Party poopers!   Fireworks are the shiz - banned by the fun police 
bushfires - smokers in cars, kids with matches and lightening (oh, and mongs doing welding)

----------


## r3nov8or

It's all fun and laughs until someone gets hurt. Then the relatives are on TV crying, "He's a good boy, really"

----------


## Moondog55

Geelong and surrounding area is tinder dry
When fireworks were legal but only sold leading up to Guy Fawkes day we didn't have this problem, personally I think the fun police have created the current problems but smokers tossing fag ends out the window is another huge problem not addressed by the current range of advertising and it should be

----------


## PlatypusGardens

> kids with matches and lightening

  Don't blame the kids, blame the parents.        
They shouldn't let their kids play with lightning.     :Rolleyes:

----------


## MorganGT

There's already plenty of fireworks going off around here.
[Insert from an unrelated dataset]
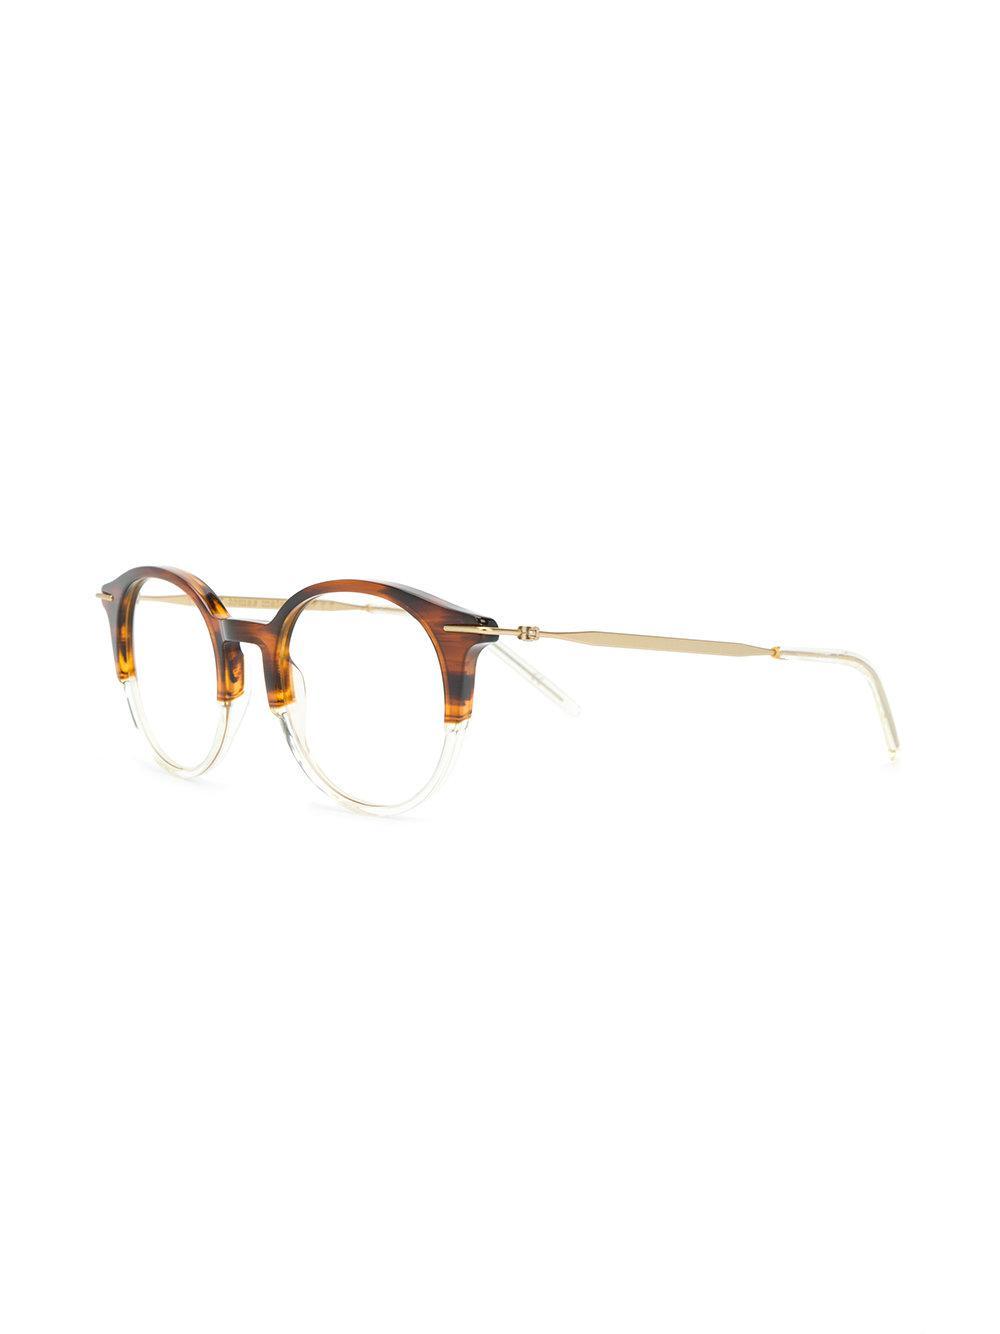 f7e2ada49a0 Tomas Maier - Brown Square Glasses - Lyst. View fullscreen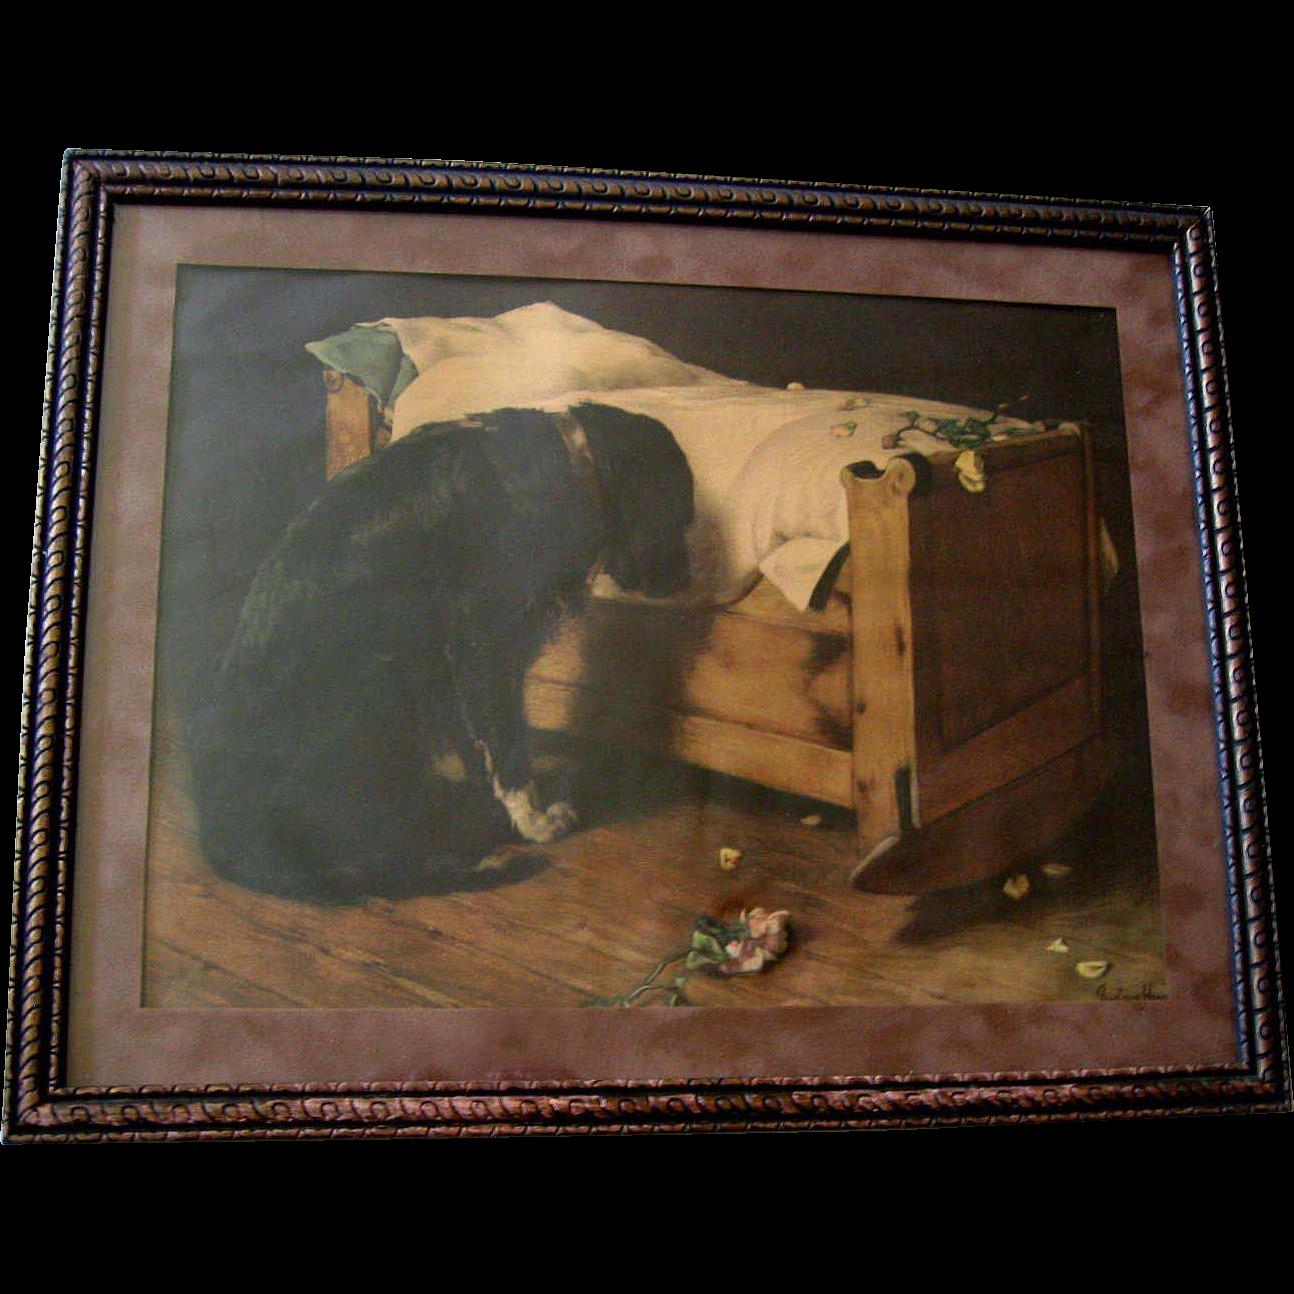 c1902 The Lost Playmate Print Deceased Child Black Labrador Dog Roses Cradle Crib

Happens every year - some can't be bothered waiting and set them off before Christmas, some feel the need to 'test' some out between Christmas and New Years, most get fired off tonight and there always seem to be some left over that the owners got drunk and forgot about, and those get fired off over the coming week. Our cats all used to freak out a bit, now they just don't care.
We're pretty suburban here, but there's a fair bit of open grassland behind the local shopping centre nearby that has been burnt out several times before, and I won't be surprised if it happens again. At least the local fire station is only a few hundred metres away.

----------